It’s well known that the insurance industry is one of the most competitive sectors with the highest rates of customer churn which is eroding profitability. Yet look at the speed at which new entrants, such as Lemonade in the US, have disrupted the industry. Five years ago it didn’t exist. Today it’s valued at $2bn. Using Artificial Intelligence (AI) combined with connected and automated third-party data, it has very quickly scaled its offering.
But it’s not just newcomers that can take advantage of AI, existing players in the insurance market can implement AI into their business to leap ahead of the competition.
Five ways AI can enhance your business:
1. Pricing risk outside of the norm
To be able to price risk accurately you need to rely on accurate data. In the past, models have been based on the ‘norm’. This approach causes problems for properties that fall outside of this e.g. large houses, listed buildings or properties located in prime postcodes. Price then comes with a large amount of uncertainly meaning that they risk becoming significantly over or under insured. This has served to erode profitability; at best leaving money on the table, at worst resulting in significant claims that could have been predicted. Creating new models that identify these properties and accounts for their ‘differences’ will enable insurers to manage pricing and therefore risk more effectively.
2. Improved confidence
Insurers may be reliant on their customers telling them the cost of rebuilding their property or the information may have been supplied by a model. If so, how accurate is the information and the model that predicted it? This is a key question as under data protection legislation and data ethics, explainability is a legal requirement. By applying AI to create confidence scores, insurers are able to make more informed decisions about whether to price the risk or ask more questions.

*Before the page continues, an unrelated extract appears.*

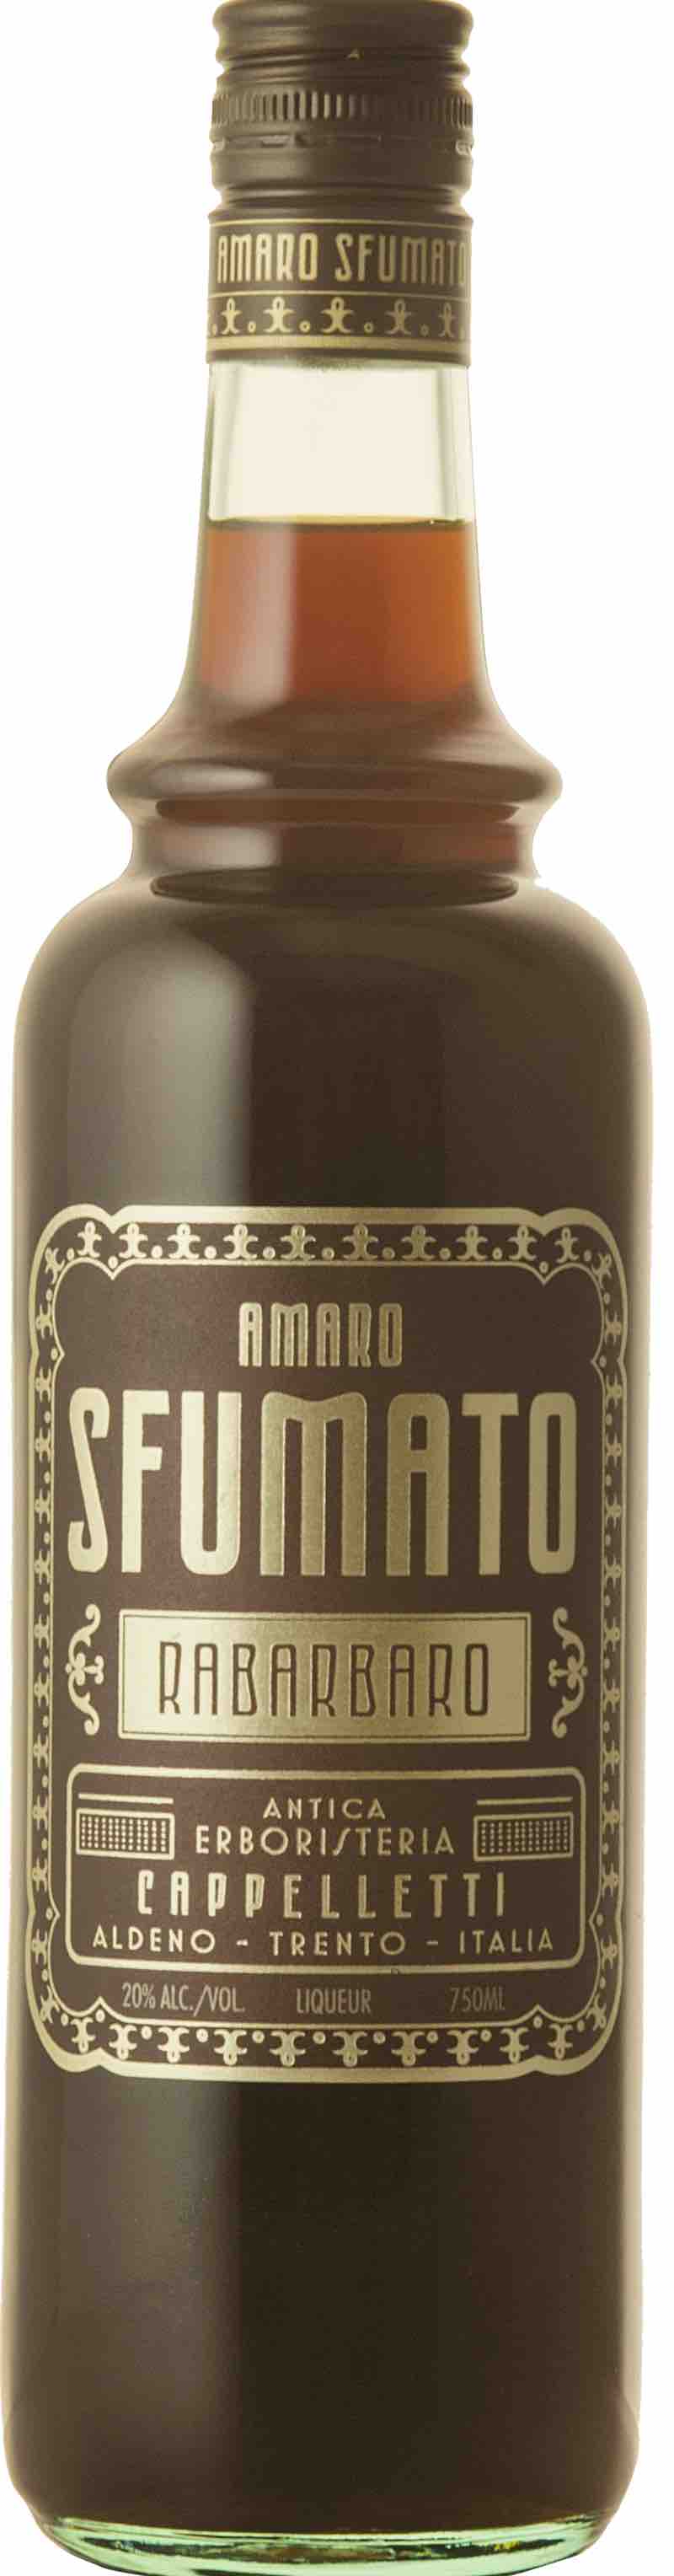 Cappelletti - Amaro Sfumato Rabarbaro (750)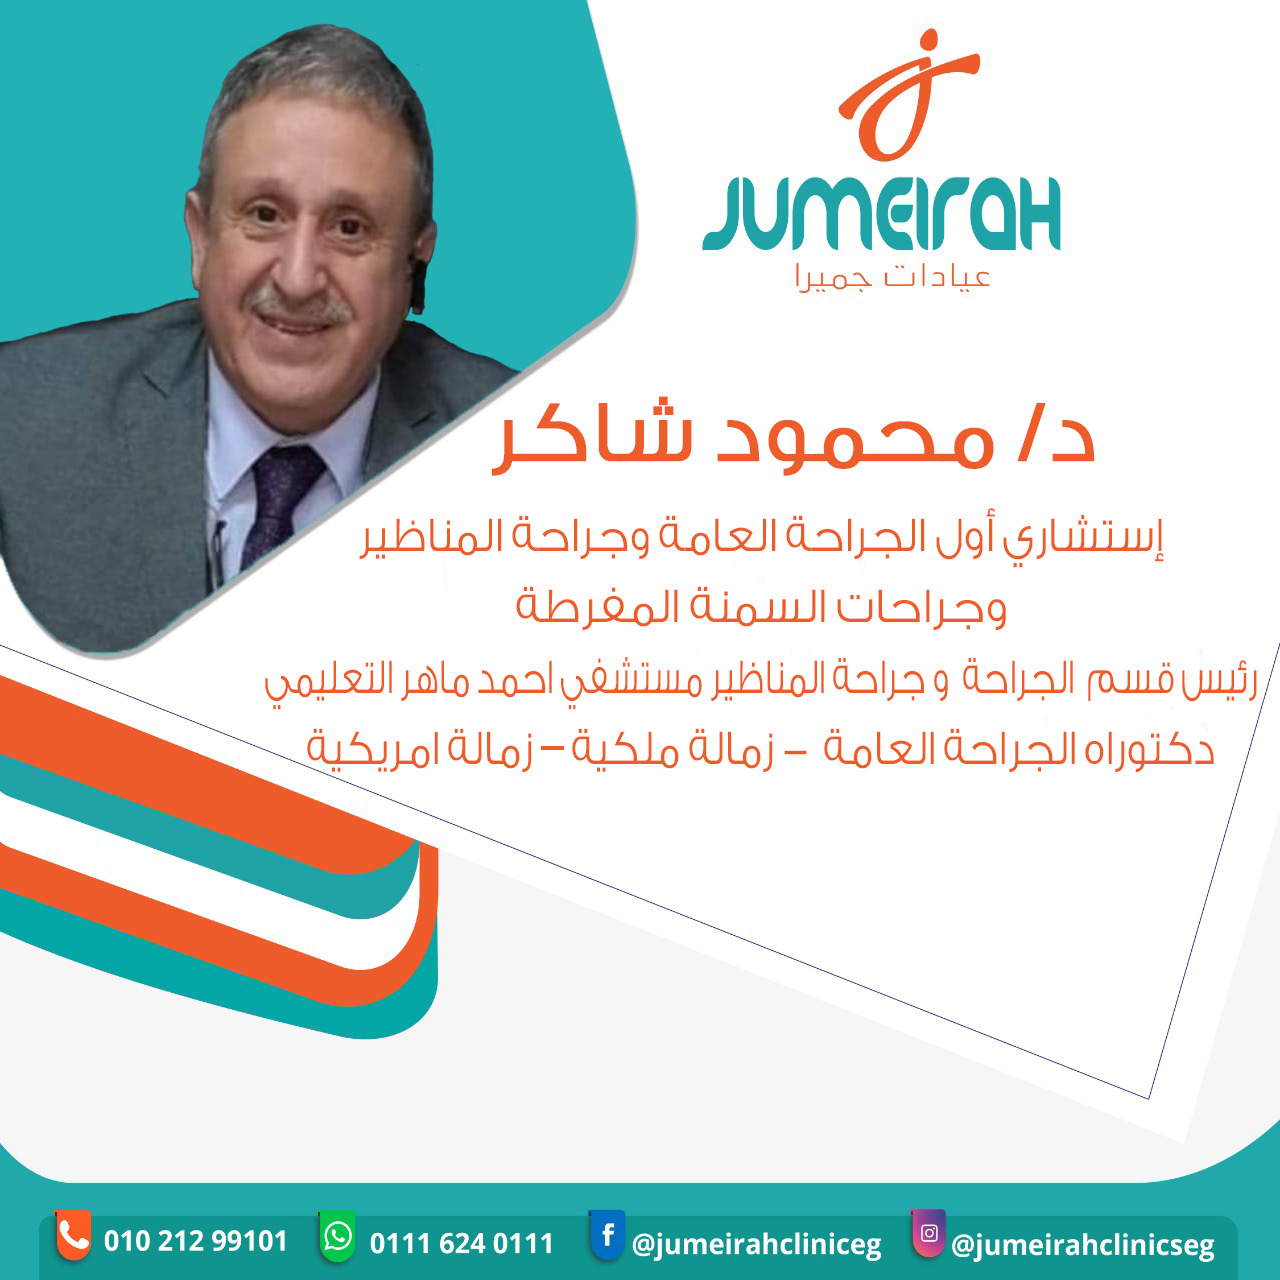 Dr. Mahmoud Shaker

3. Better customer understanding
Data has long been vaunted as a panacea, but so far has failed to realise its potential. The reason for this is that whilst the industry is data rich, the data tends to be disconnected and channel centric. Understanding the ‘what’ and the ‘why’ when it comes to motivating customer action can be tricky.
One of the major benefits of AI is it is undaunted by big data. In fact, the more data (so long as it’s accurate) the better. This means that you can supplement your traditional customer data sets with new AI-led data. Traditional stable data like demographics or property type can be enhanced with more transient data such as opinions, clicks, like and emotions, engagement, transactions and societal trends. When brought together in the right way this holistic overview is incredibly powerful and can be used to create more predictive models.
4. More predictive models
Traditional statistics identify linear patterns in data or evaluate human hypotheses. With AI, highly complex, nonlinear patterns can be identified without human bias or pre-conceptions. Ultimately this means you can find patterns that would have been impossible to discover without AI. New models can be built using previously unknown insight as a foundation, leading to greater prediction power and ultimately enhanced business outcomes. What’s more, the models get more accurate as they learn and find new patterns in the data that can be used to both further enhance the model and further enhance the business outcomes
5. Identifying the what and the why through AI-powered customer segmentation
Through the application of computer and data science the process of developing customer segmentations can now be automated. This has significantly reduced the build time from months to weeks. As a result, segmentations can now be developed for specific use cases enabling organisations to better understand the motivations of their customers. For instance, anticipating when customers are most likely to move house due to downsizing. By predicting this future behaviour it becomes possible to tailor communications from short-term price reduction deals to longer term insurance planning; making the move from insurance supplier to insurance partner and thus reducing churn.
There is no doubt that the possibilities that AI affords are truly transformational. Broadly speaking it is still in its infancy and we are all still on a journey of discovery. Every day we uncover new applications that yesterday we didn’t know were possible.